If there has been a major change to piranha, it's possible the environment will need to be updated as follows:
- Change directory to the piranha repository:
cd piranha
- Pull the latest changes from GitHub:
git pull
- Ensure you're in the piranha environment:
conda activate piranha
- Update the environment:
mamba env update -f environment.yml
Piranha is also available now on bioconda and can be installed with
mamba install -c bioconda piranha-polio
Note: we recommend using piranha in the conda environment specified in the environment.yml file as per the instructions above. If you can't use conda for some reason, dependency details can be found in the environment.yml file.
piranha -i <demultiplexed read directory> -b <path/to/barcodes.csv>
At a minimum, two columns- one for barcode information and one with the name you'd like your sample to be called. This is also where you can flag which samples are negative or positive controls. Barcode and sample names should be unique and sample names shouldn't contain spaces or special characters. This is because the sample name will get incorporated into the output consensus fasta header and spaces in a fasta header disrupt the sequence ID.
barcode,sample
barcode01,EDI001
barcode02,EDI002
barcode03,EDI003
barcode04,negative
barcode05,positive
You can also include additional information in your barcode.csv. If you include a date
column or an EPID
column they'll automatically be included in the fasta header output too. Dates should always be in ISO format (YYYY-MM-DD) for metadata best practice. Piranha has a flag --all-metadata-to-header
that will take any metadata fields in your barcodes.csv and append them to the final output file (separated by a |
pipe symbol). Be aware any odd characters or spaces in these fields will also get added to the fasta header and can interfere with downstream phylogenetics you might want to run (e.g. :
,;
) can cause issues with some tree-building or reading software).
barcode,sample,EPID,date
barcode01,EDI001,EPI111,2022-10-10
barcode02,EDI002,EPI112,2022-09-20
barcode03,EDI003,EPI113,2022-09,21
barcode04,negative,,
barcode05,positive,,
Piranha is configured to make analysis as straightforward as possible for users running MinION sequencing. Piranha takes the output of guppy directly and looks for the demultiplexed read directory containing the barcodes you've specified in your barcodes.csv. Guppy outputs directories in the structure:
fastq_pass/
├── barcode01/
│ ├── FAT75518_pass_barcode01_6d172881_0.fastq.gz
│ ├── FAT75518_pass_barcode01_6d172881_1.fastq.gz
│ └── FAT75518_pass_barcode01_6d172881_2.fastq.gz
├── barcode02/
│ ├── FAT75518_pass_barcode02_6d172881_0.fastq.gz
│ ├── FAT75518_pass_barcode02_6d172881_1.fastq.gz
│ ├── FAT75518_pass_barcode02_6d172881_2.fastq.gz
│ ├── FAT75518_pass_barcode02_6d172881_3.fastq.gz
│ ├── FAT75518_pass_barcode02_6d172881_4.fastq.gz
│ └── FAT75518_pass_barcode02_6d172881_5.fastq.gz
├── barcode03/
│ ├── FAT75518_pass_barcode03_6d172881_0.fastq.gz
│ ├── FAT75518_pass_barcode03_6d172881_1.fastq.gz
│ └── FAT75518_pass_barcode03_6d172881_2.fastq.gz
└── barcode05/
├── FAT75518_pass_barcode05_6d172881_0.fastq.gz
├── FAT75518_pass_barcode05_6d172881_1.fastq.gz
└── FAT75518_pass_barcode05_6d172881_2.fastq.gz
This is what piranha will look for. Point the software to the directory containing the different barcodeXX sub-directories and it will iterate within these to find the files. Piranha can accept fastq (fq) or fastq.gz files. It will only attempt to analyse the barcodes present in the input csv file.

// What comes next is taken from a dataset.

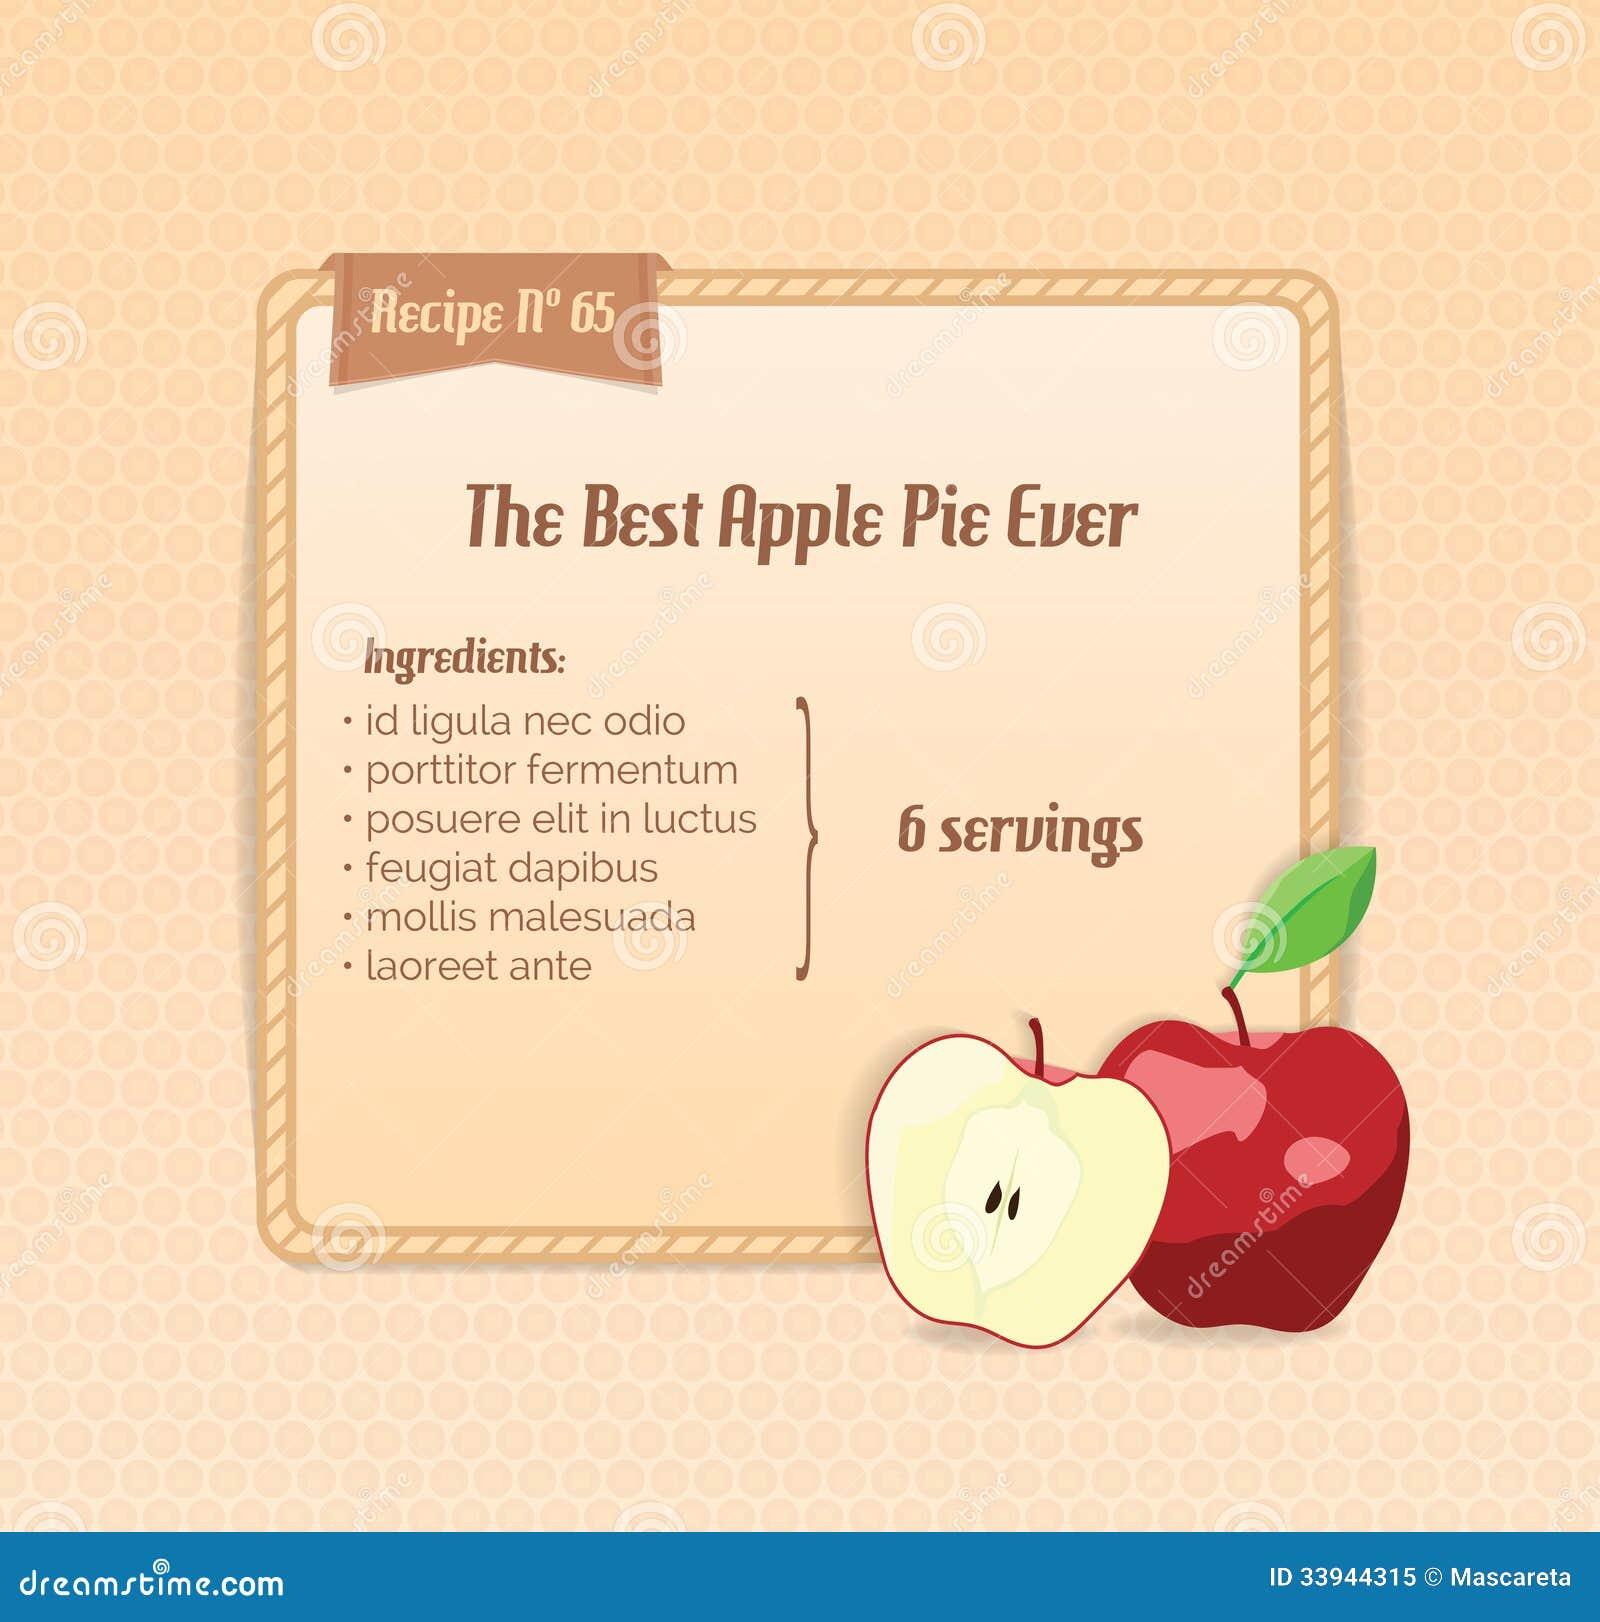 Bright Recipe Card With Cute Cartoon Apple. Royalty Free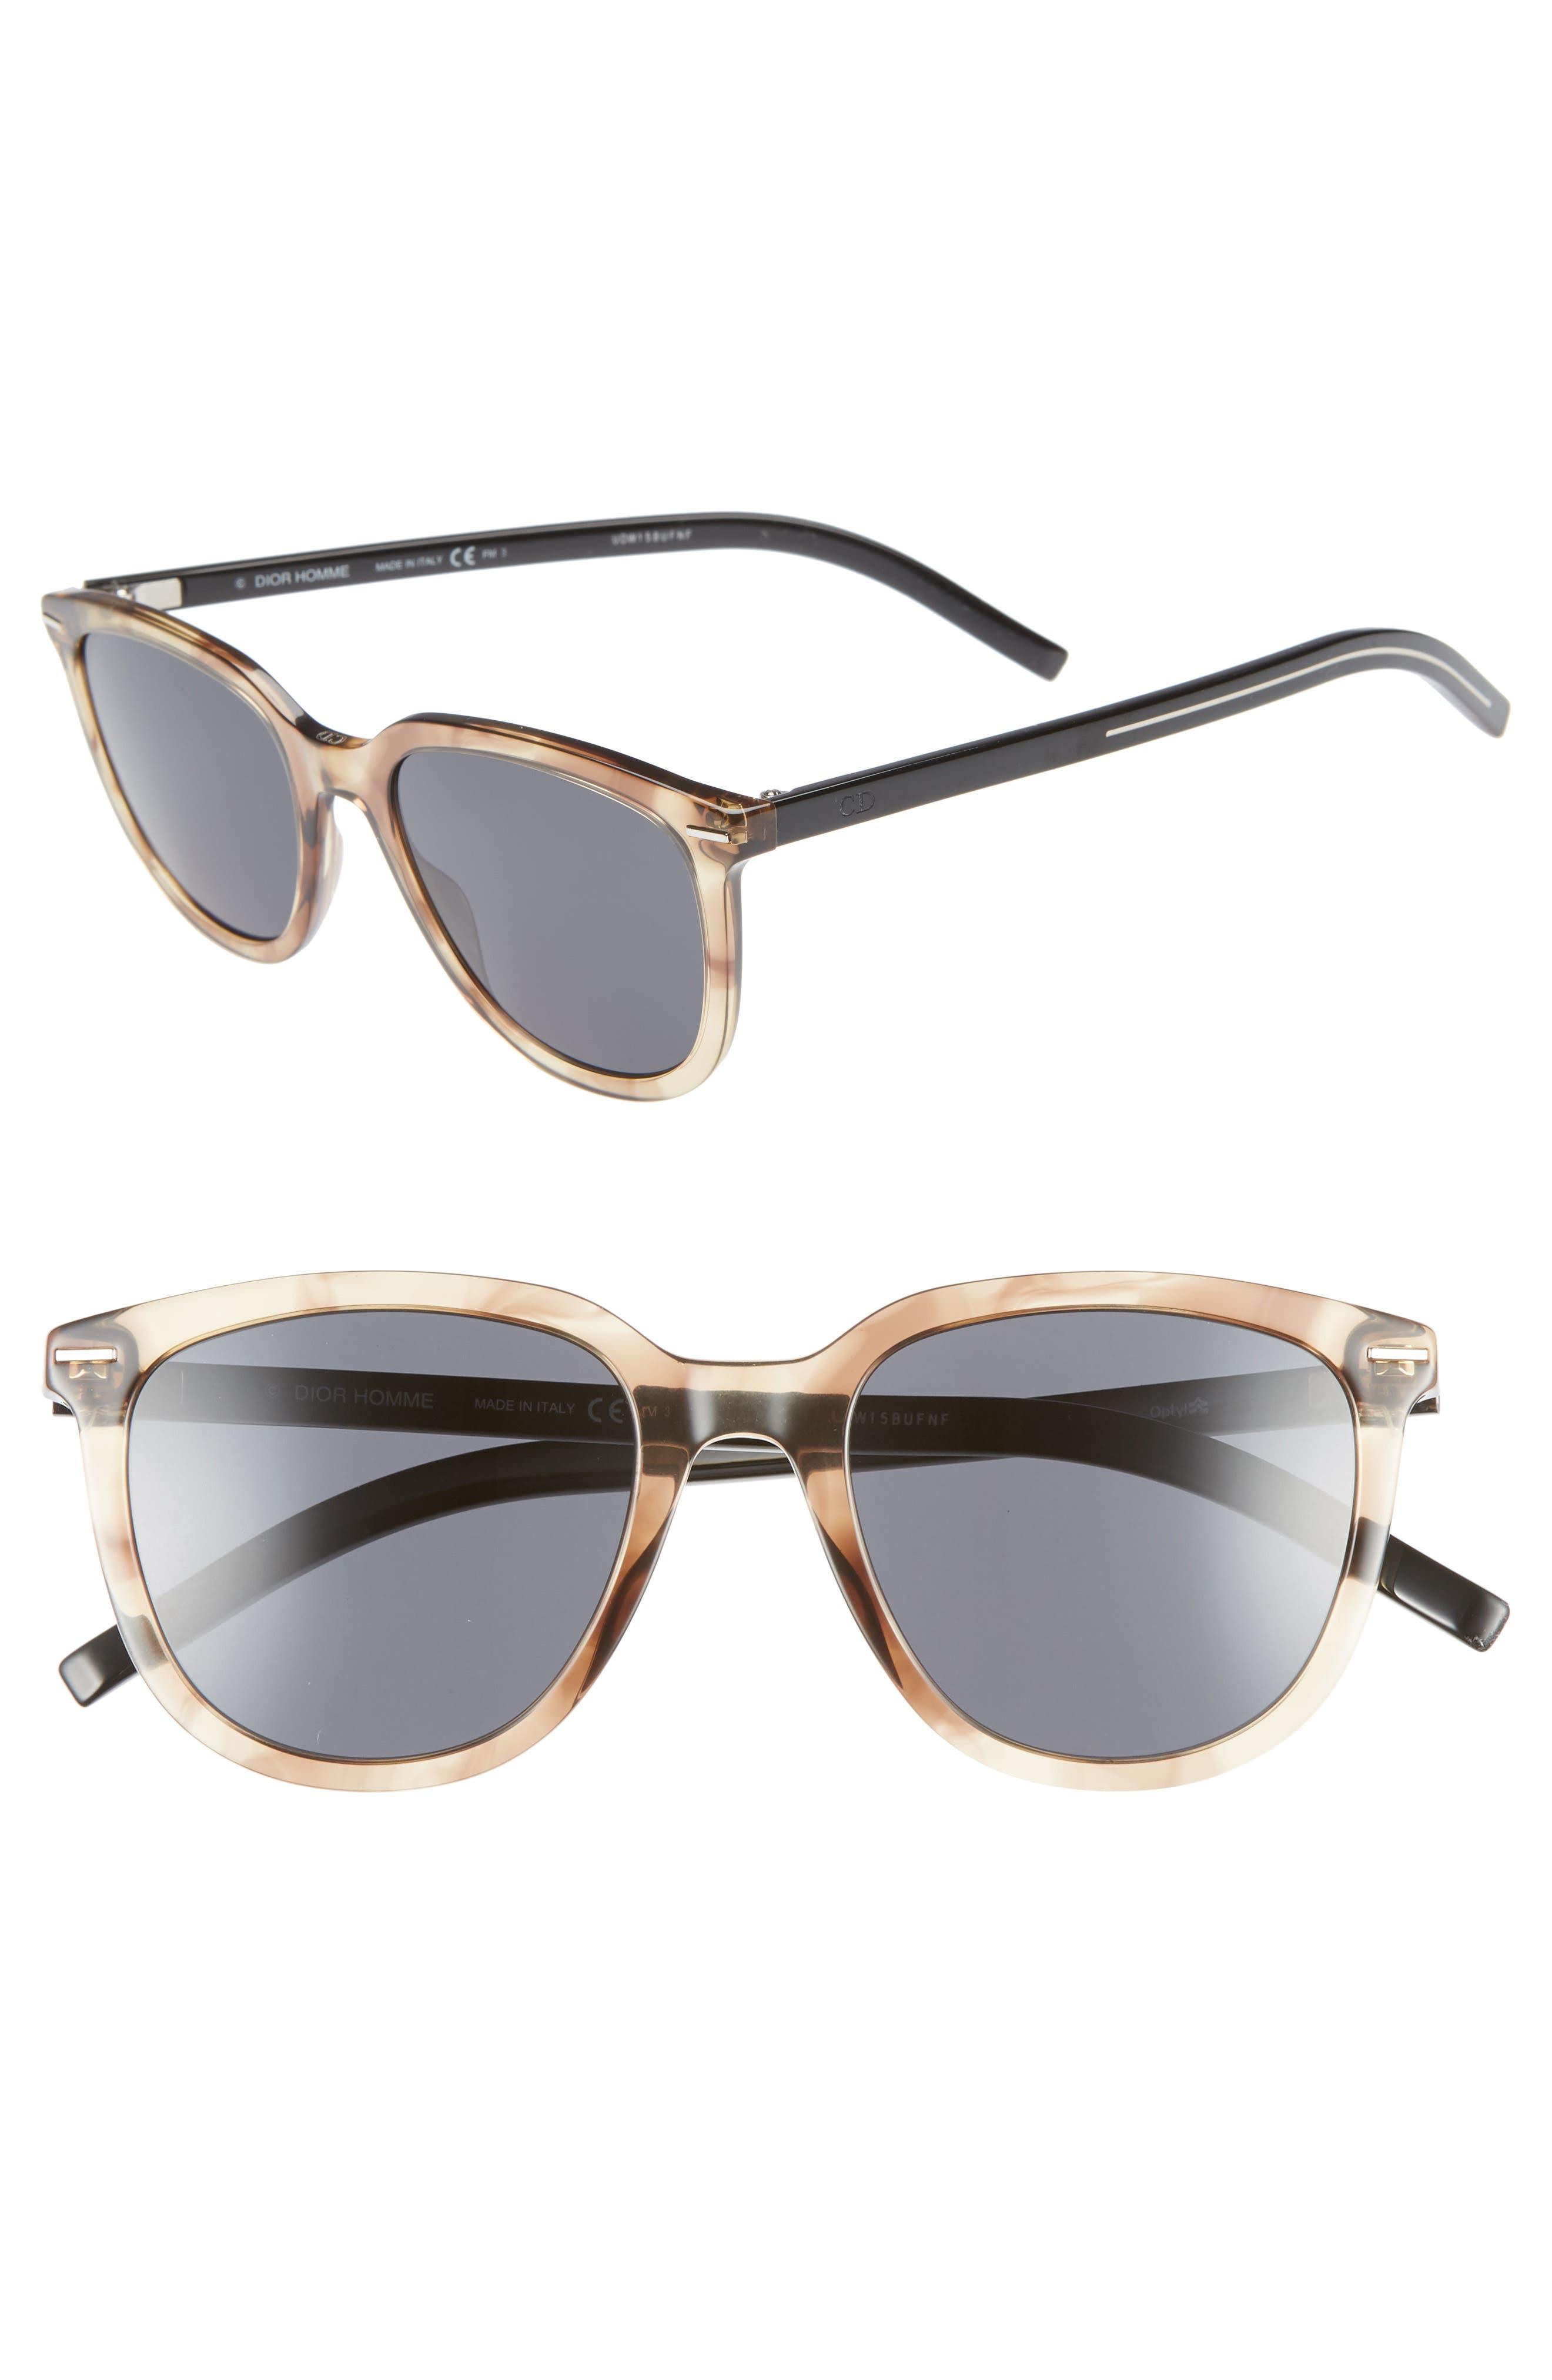 50a876b1df800 Men s Dior Sunglasses   Eyeglasses

Piranha has been preconfigured with defaults specific to the VP1 protocol developed by the Polio Sequencing Consortium. All command line arguments (full list below) can be configured either as command line flags when running piranha, or as snake case arguments in a yaml config file (which can then be supplied with the -c
flag).
For example, you can supply a custom references file (piranha has a default one supplied, which you can access here) using the -r
flag, or by pointing to it within the config file.
Example Case 1: command line argument
(piranha) aine$ piranha -i /localdisk/home/data/minion_run_1/fastq_pass -b /localdisk/home/data/minion_run_1/barcodes.csv -r /localdisk/home/custom_reference_file.fasta
This command shows an example piranha run, where everything is in the default settings except the reference file. In this case you point piranha to the read directory, the barcodes.csv file and your custom reference file.
Example Case 2: config file
Example config file (called config.yaml in current working directory). Actual example file can be found here.
readdir: /localdisk/home/data/minion_run_1/fastq_pass
barcodes_csv: /localdisk/home/data/minion_run_1/barcodes.csv
reference_sequences: /localdisk/home/custom_reference_file.fasta
Then to run piranha you can simply run the command below, and all the information in the file will be included in your run.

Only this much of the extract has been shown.